**Provided material**
----------------
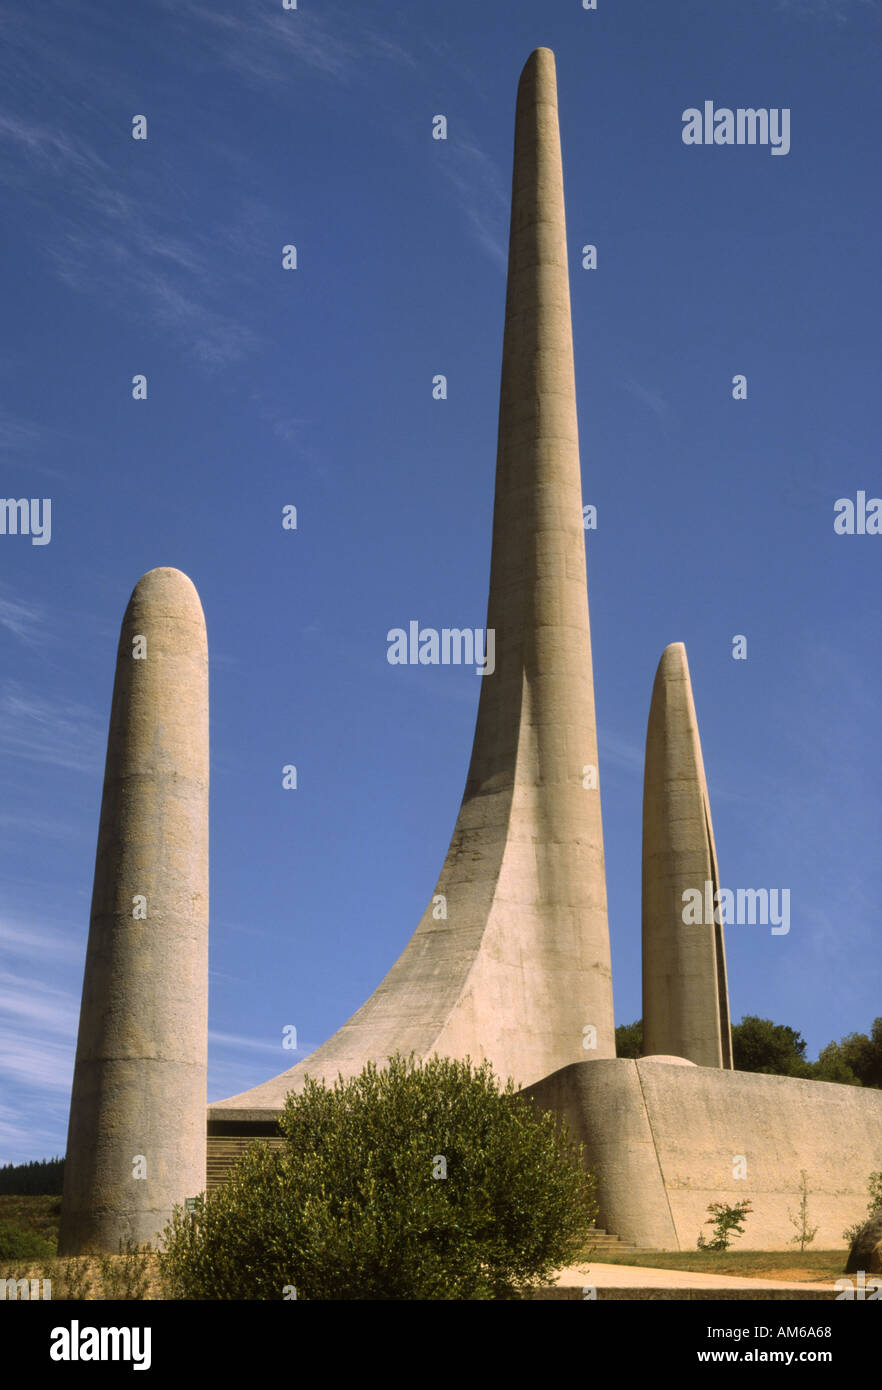 South Africa Paarl Afrikaans language monument Stock Photo
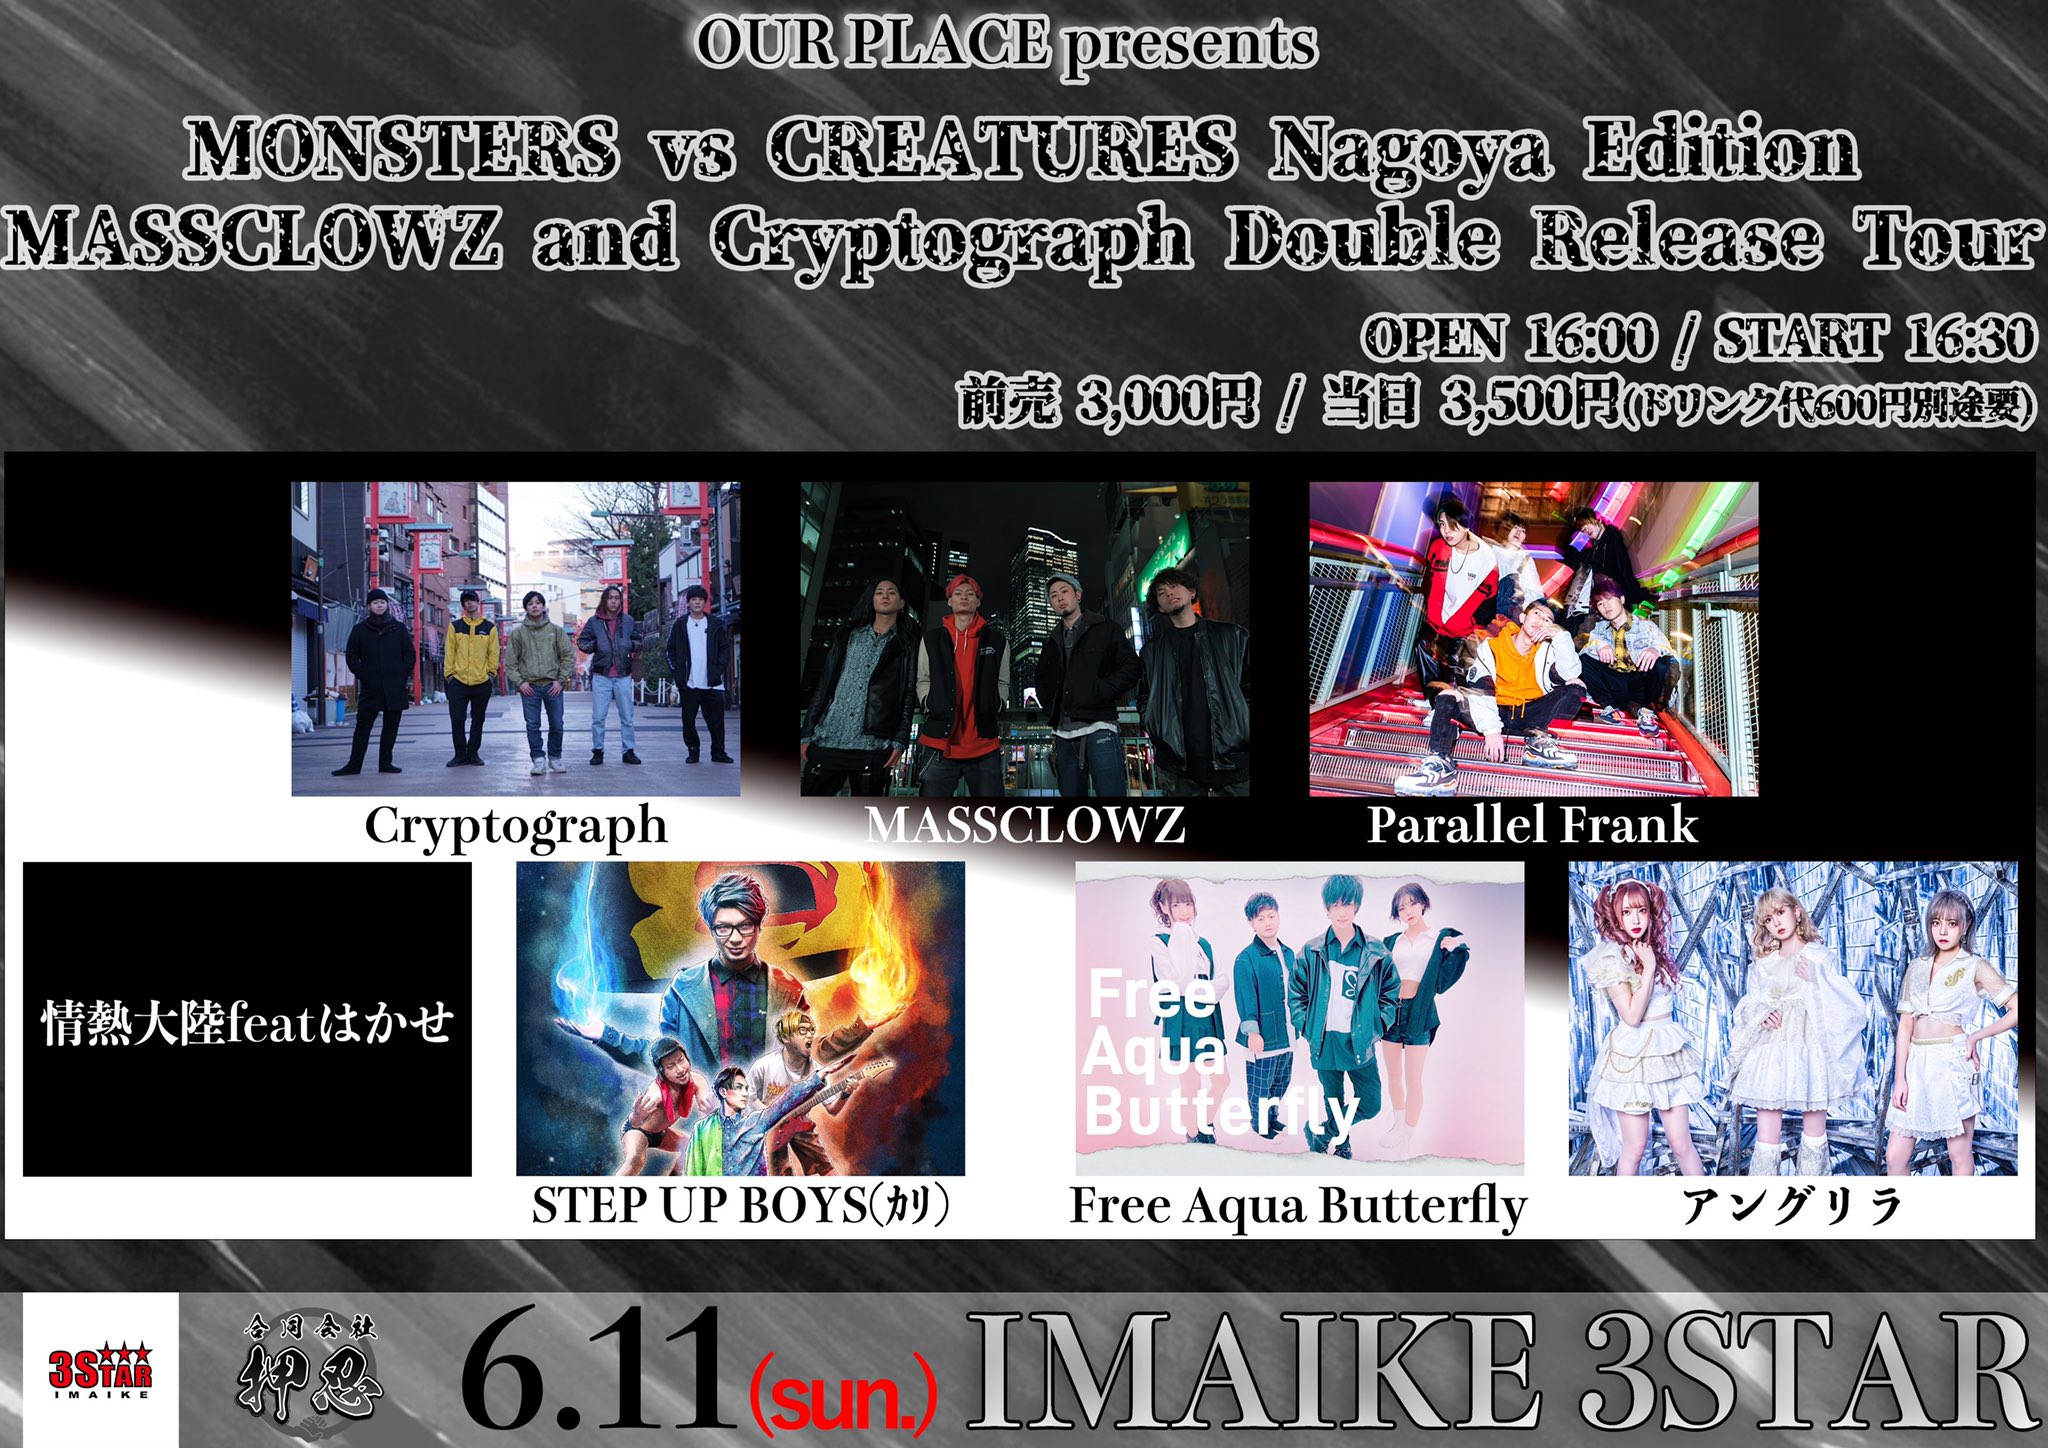 MONSTERS vs CREATURES 〜Nagoya Edition〜 MASSCLOWZ and Cryptograph Double Release
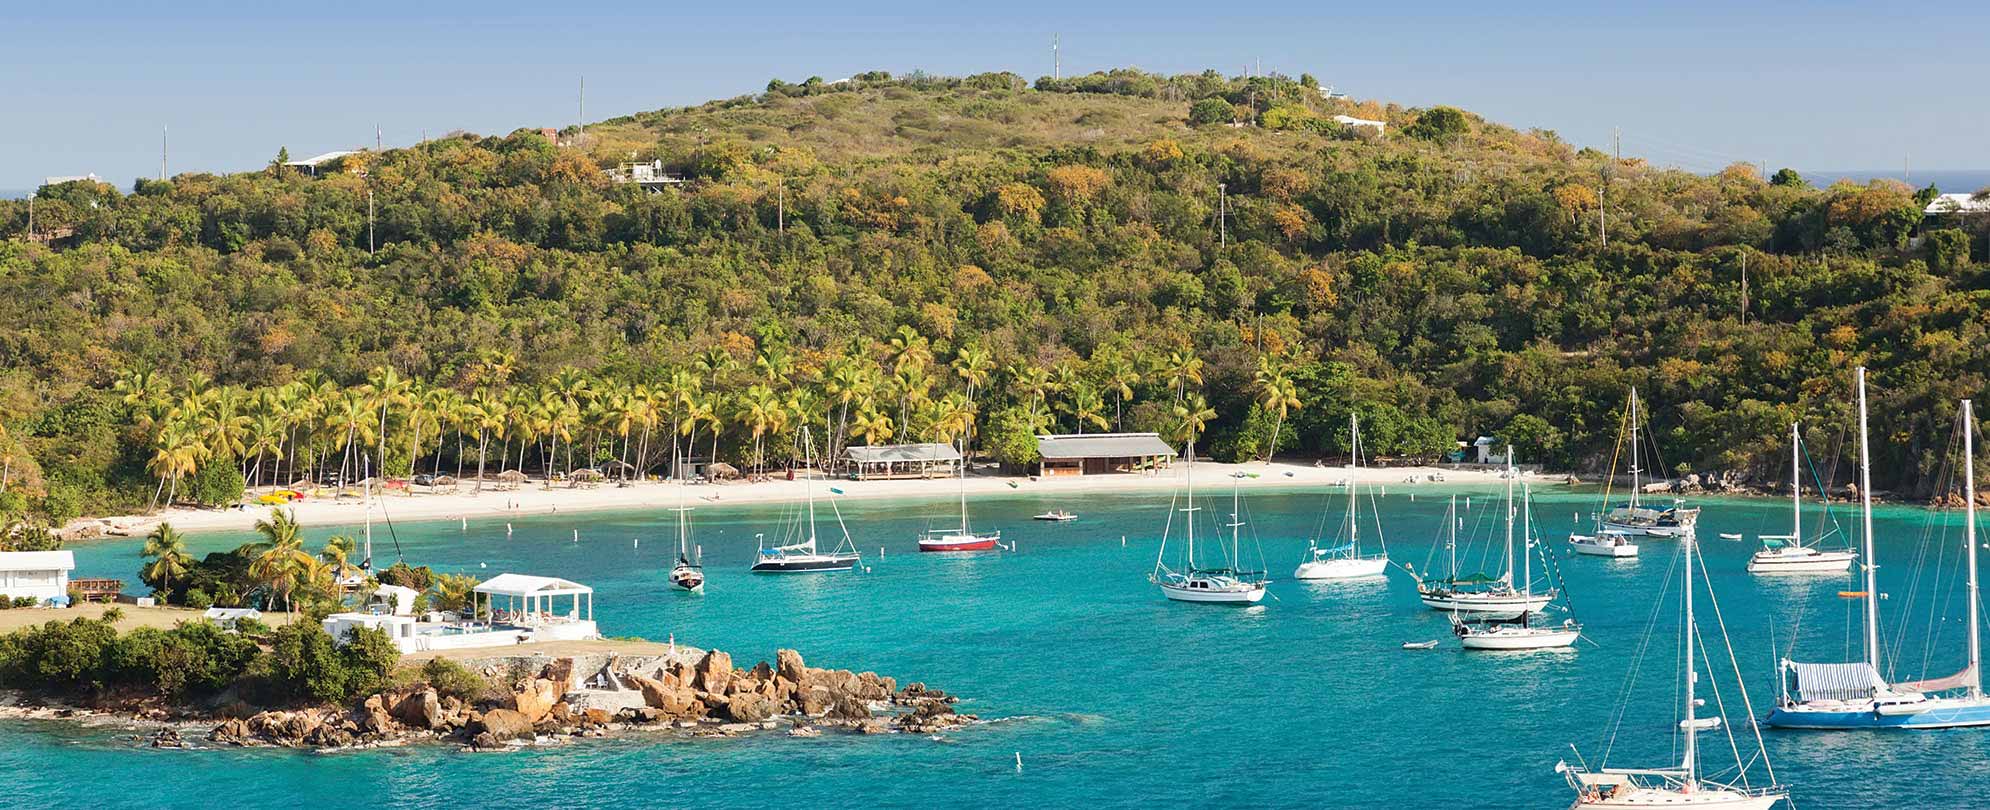 Several sailboats anchor in the bay while on vacation at Virgin Islands National Park in St. John
----------------
**About this task**
Please retype, exactly as they appear, the lines from the one with "MONSTERS vs CREATURES" through the final line of the material, both included, and drop any pictures.

**Solution for this problem**
 MONSTERS vs CREATURES 〜Nagoya Edition〜 MASSCLOWZ and Cryptograph Double Release
 Several sailboats anchor in the bay while on vacation at Virgin Islands National Park in St. John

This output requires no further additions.